Castello voltou a enfrentar censura já no JB, no regime do AI-5. Dava seus recados nas entrelinhas e transformou sua coluna num ensaio político. Ele mesmo revelou: "Até 13 de dezembro de 1968, minha coluna tinha um caráter densamente informativo e ostensivamente formativo. A partir de então, mudou. Passou algumas semanas proibida, e, quando voltei, tive que enfrentar uma nova realidade e partir para a informação implícita. Me tornei quase um ensaísta, para transmitir minhas informações em mensagem cifrada". Castello foi preso, mas jamais fraquejou. Continuou a lutar pelos direitos humanos e a liberdade de expressão. "Minha função de repórter é defender o exercício das liberdades públicas onde a ordem não esteja comprometida com privilégios", ressaltava.
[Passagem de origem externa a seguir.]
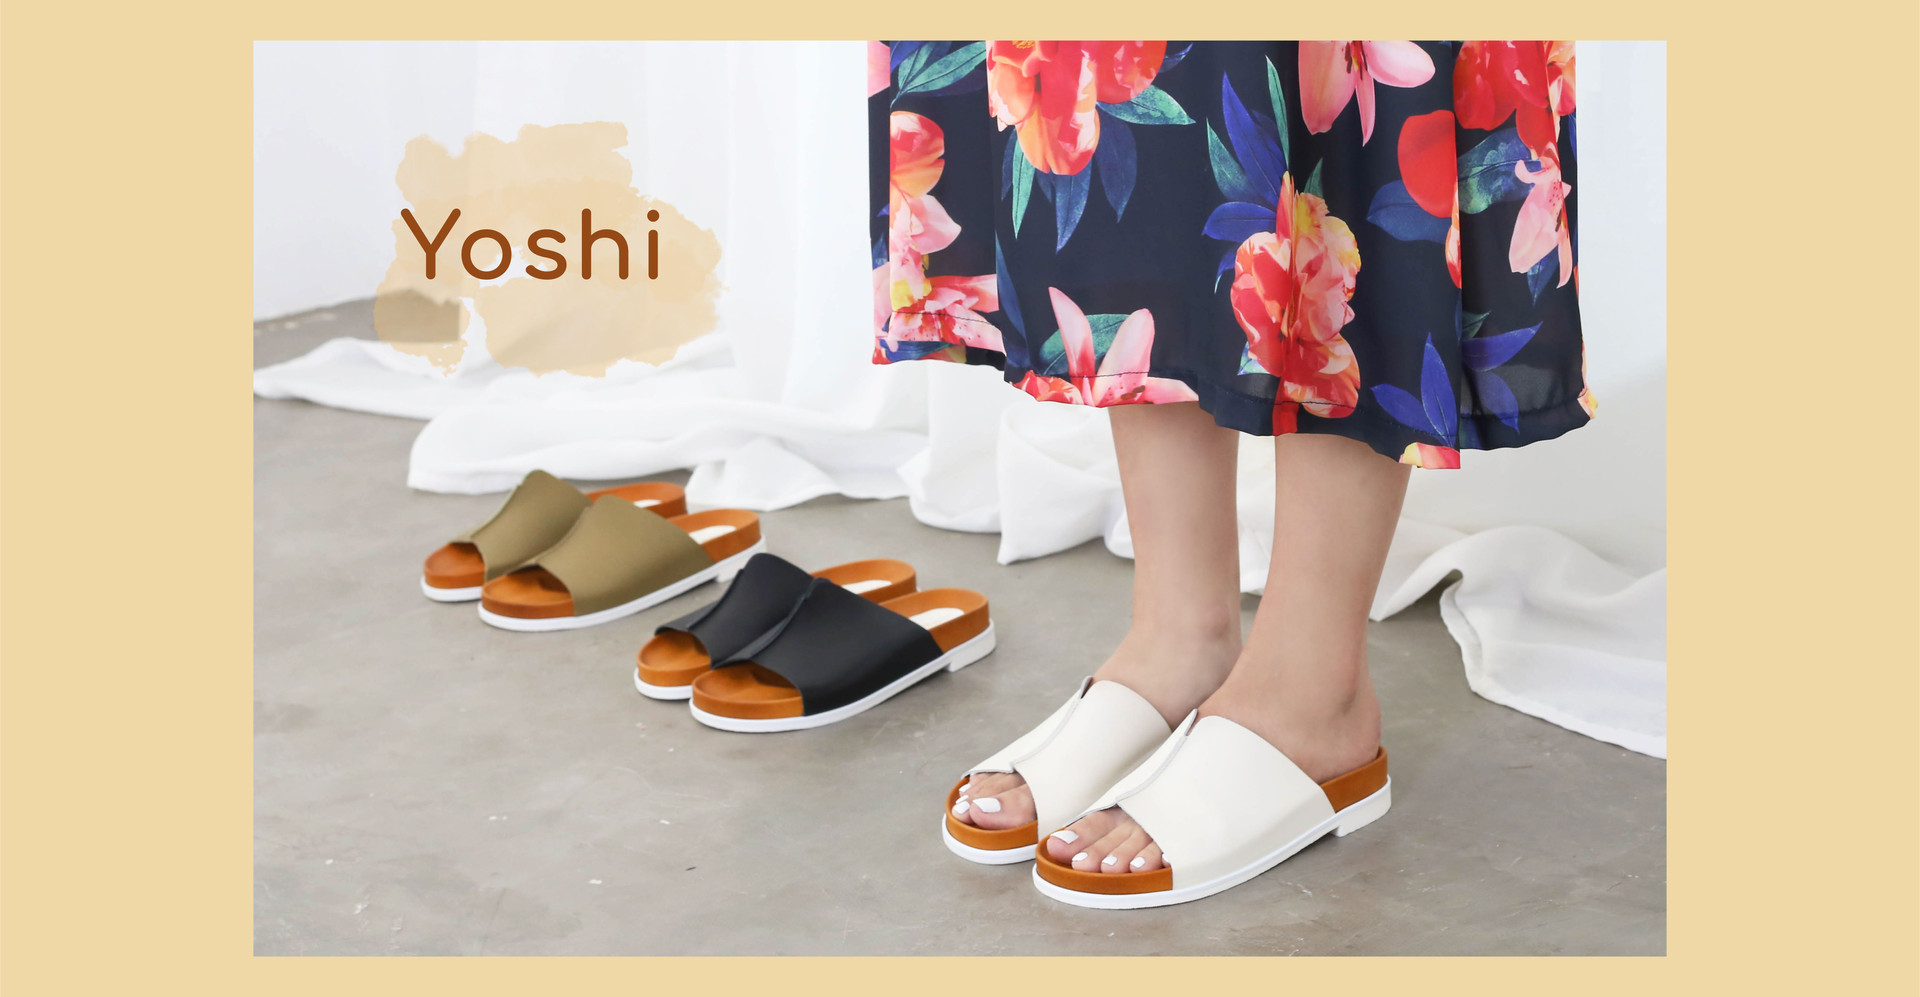 Yoshi น้องใหม่ Sandals หนังแท้ นุ่มสบายเท้าในราคาสบายกระเป๋า ที่เราจัดมาคืนกำไรให้ทุกคน - 2880 THB

Pessoa querida, era de um refinamento peculiar. Irônico, sem ser agressivo. Gostava de uma boa conversa e era um ouvinte atento. Com mão de mestre, dava a intensidade certa às críticas e aos elogios. O próprio Castello contou, em uma de suas colunas, que, como comentarista e repórter, irritou, muitas vezes, o ex-Presidente Castello Branco, que o decepcionou quando aceitou a prorrogação de mandato. "Percebi que era o primeiro passo para o regime militar no Brasil".

Corajoso, Sr. Presidente, criticou o imobilismo de Costa e Silva, afirmando que o general nunca resolvia as crises. Era uma crise atrás da outra. "No governo, tal atitude presidencial provoca, nesse ou naquele setor, constrangimento, senão um arrepio de medo". Num retrato daquele momento, escreveu: "A intolerância amedronta, paralisa e abre IPMs por toda parte. Quem se detiver frente a uma loja de discos pode ser preso se a música posta na vitrola for subversiva".

Certa vez, quando lhe perguntaram se tinha alguma simpatia pelo governo militar, o jornalista Castello Branco foi claro: "Sou um inconformado com o regime de restrições decorrentes de atos institucionais. Não estou dentro do jogo político, sou apenas contrário ao regime - não ao governo. Todos os governos da Revolução foram de boa qualidade, mas sou contra o regime político em que se amparam esses governos". Para acrescentar: "Não me interessa criticar o governo, interessa-me criticar o regime. O que nos oprime não é o governo, mas o regime".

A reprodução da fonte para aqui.